Fyzikální ústav Akademie věd ČR

Seminář Pátek, 24. září 2010 - 14:00 - 15:00

Přednášející: Taneli Laamanen (University of Turku, Department of Chemistry, Turku, Finland)
Místo: Knihovna FZU AV ČR, Cukrovarnická 10, Praha 6
Pořadatelé: Oddělení magnetik a supravodičů
Jazyk přednášky: angličtina

Laamanen, Taneli^1,2; Hölsä, Jorma^1,3; Lastusaari, Mika^1,3; Novák, Pavel⁴

¹ University of Turku, Department of Chemistry, FI-20014 Turku, Finland, E-mail: taanlautu [dot] fi
² Graduate School of Materials Research (GSMR), Turku, Finland
³ Turku University Centre for Materials and Surfaces (MatSurf), Turku, Finland
⁴ Academy of Sciences of the Czech Republic, Institute of Physics, Prague

The alkaline earth magnesium disilicates (M₂MgSi₂O₇, M: Ca, Sr and Ba; e.g. [1]) doped with Eu²⁺ and co-doped with rare earth (R) ions as Dy³⁺ and Nd³⁺ are the most efficient persistent luminescence materials presently existing. They emit for up to 24 h at room temperature after ceasing the irradiation. The role of the R²⁺/R³⁺ ions acting as traps for the charge carriers in the persistent luminescence materials has been suggested but is lacking the definite proof. As a first step to ascertain this hypothesis, one needs to know the exact position of their energy levels in the host’s band structure. These positions are not known since they are notoriously difficult to determine experimentally though this information would be very important because the thermally controlled persistent luminescence mechanism of Sr₂MgSi₂O₇:Eu²⁺,R³⁺ is sensitive even to slight changes in the trap level structure.

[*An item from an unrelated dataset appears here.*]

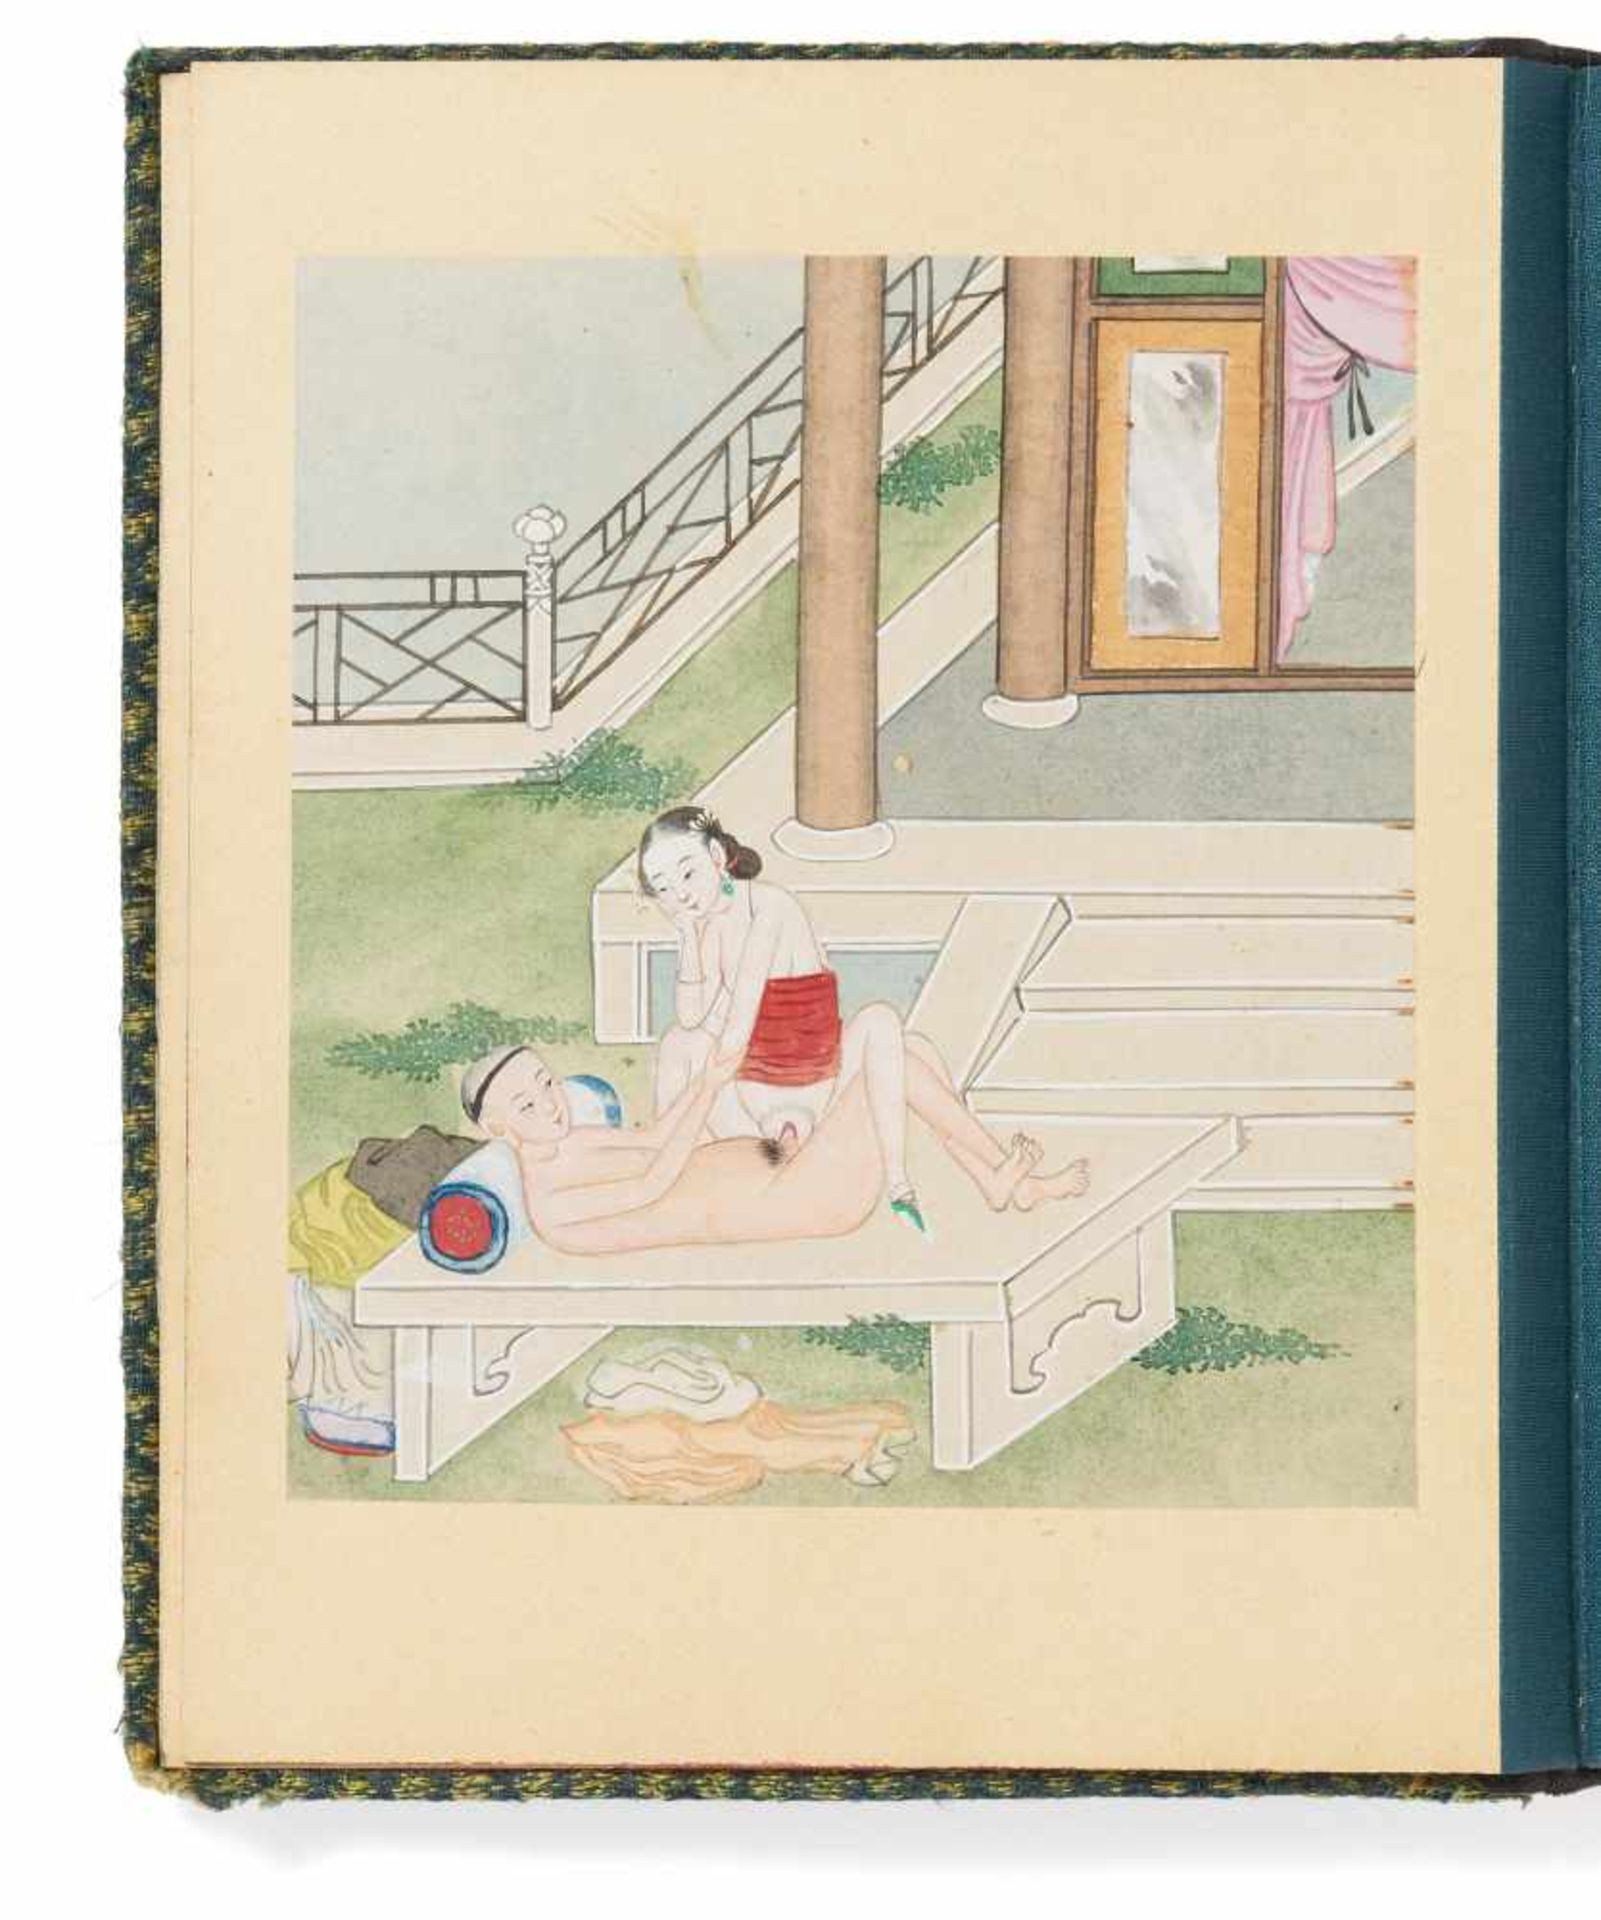 ALBUM WITH TWELVE EROTIC PAINTINGS. China. Qing dynasty. 18th/19th c. Ink and pigments on paper. The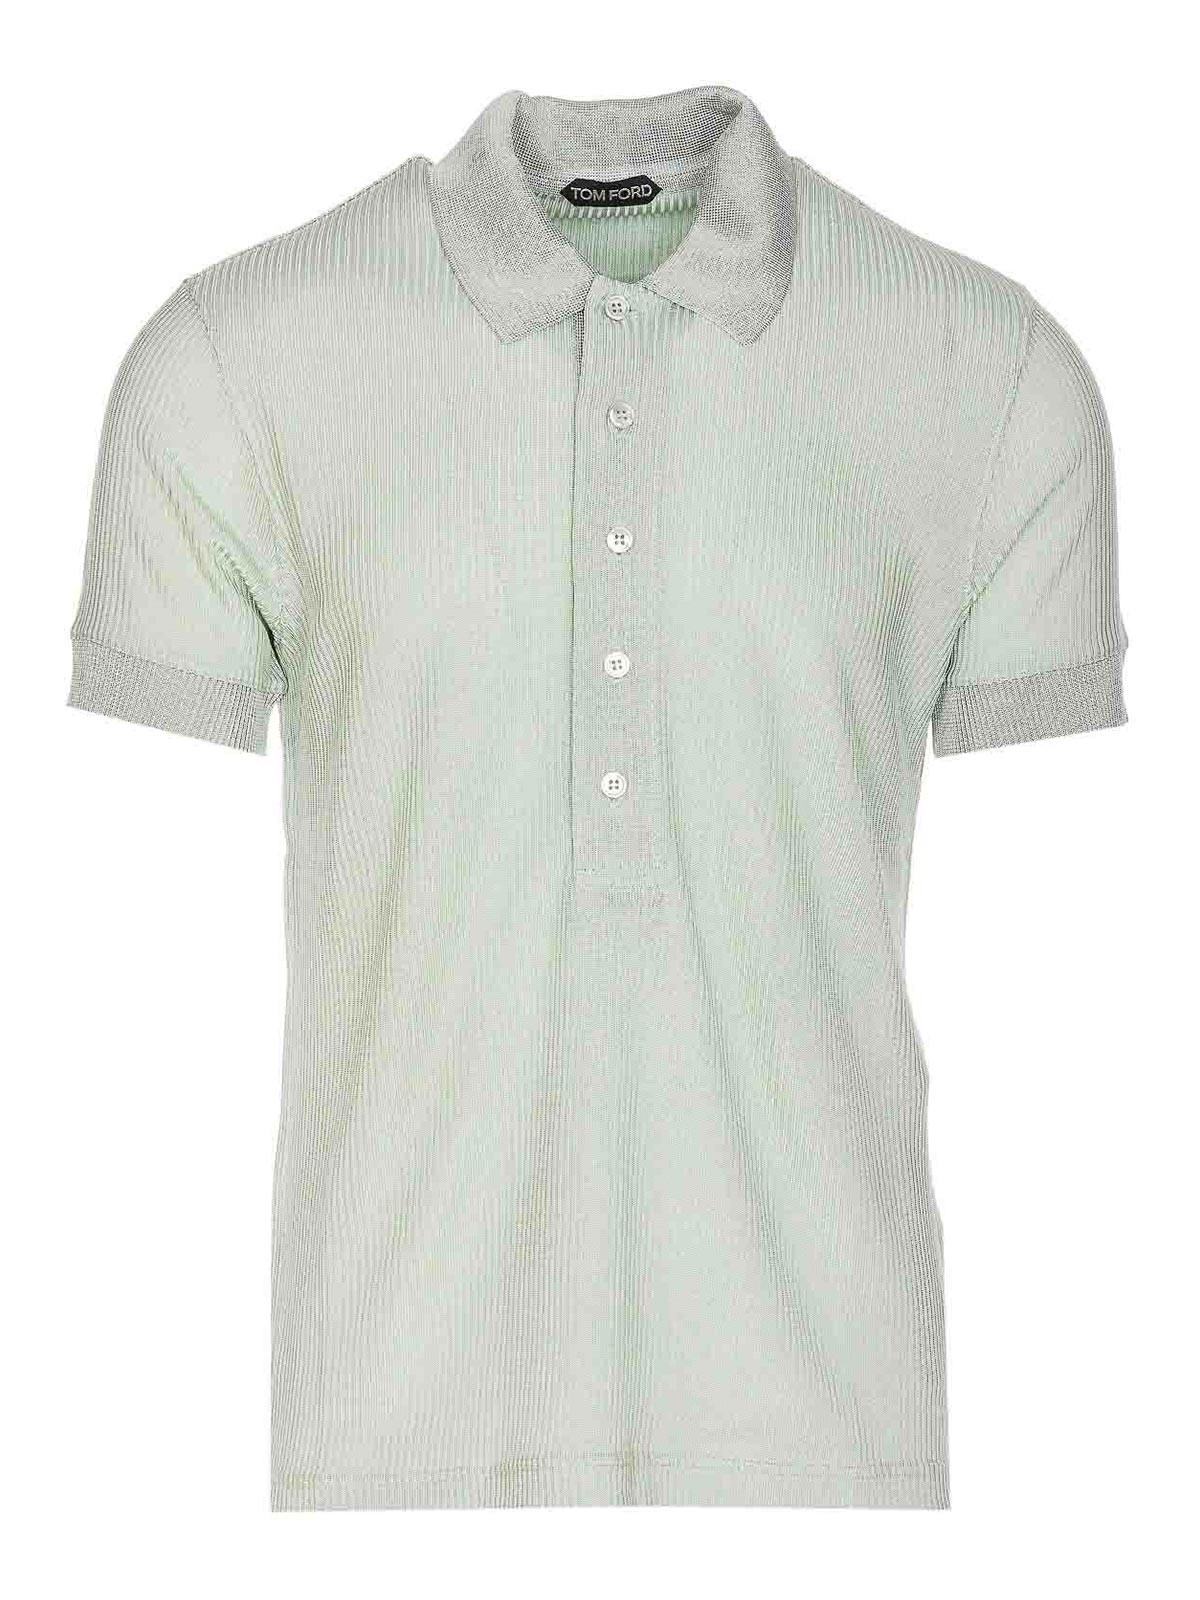 TOM FORD MINT POLO FRONTAL BUTTONS REGULAR

In this work, the electronic structure of the Sr₂MgSi₂O₇:R materials was studied with density functional theory (DFT) calculations using the WIEN2k package [2]. The GGA and GGA+U methods were used to describe the strongly correlated R 4f electrons in the best manner available.

A good agreement was found between the experimental and calculated band gap energies in Sr₂MgSi₂O₇. The energy positions of both the 4fⁿ ground state and the lowest 4f^n-15d¹ excited state of all R²⁺ and R³⁺ ions in the band structure of the host were calculated for the first time using DFT. The 4fⁿ ground state positions of R³⁺ are either close to or within the valence band (VB). The 4fⁿ ground state positions of R²⁺ are reproduced well, though they are systematically at lower energy relative to the conduction band (CB) than suggested by the empirical model [3]. The lowest excited 4f^n-15d¹ states of R³⁺ are systematically (ca. 0.5 eV) lower in energy than those of the corresponding R²⁺ states. The present DFT results provide an important step towards the independent verification of the empirical model [3] predicting the energy level locations of all the R²⁺/R³⁺ ions. Eventually, the introduction of the R³⁺ ions created density of states close to CB possibly due to significant interaction between the R³⁺ ion and the CB states of the host. These states can act as shallow electron traps and may partly help to explain the drastic enhancement of persistent luminescence with the R³⁺ co-doping.

[1] T. Aitasalo, J. Hölsä, M. Kirm, T. Laamanen, M. Lastusaari, J. Niittykoski, J. Raud, R. Valtonen, Radiat. Meas. 42 (2007) 644-647.
[2] P. Blaha, K. Schwarz, G. K. H. Madsen, D. Kvasnicka, J. Luitz, In: K. Schwarz (Ed.), WIEN2k, An Augmented Plane Wave + Local Orbitals Program for Calculating Crystal Properties, Vienna University of Technology, Austria, 2001.
[3] P. Dorenbos, J. Phys.: Condens. Matter 15 (2003) 8417-8434.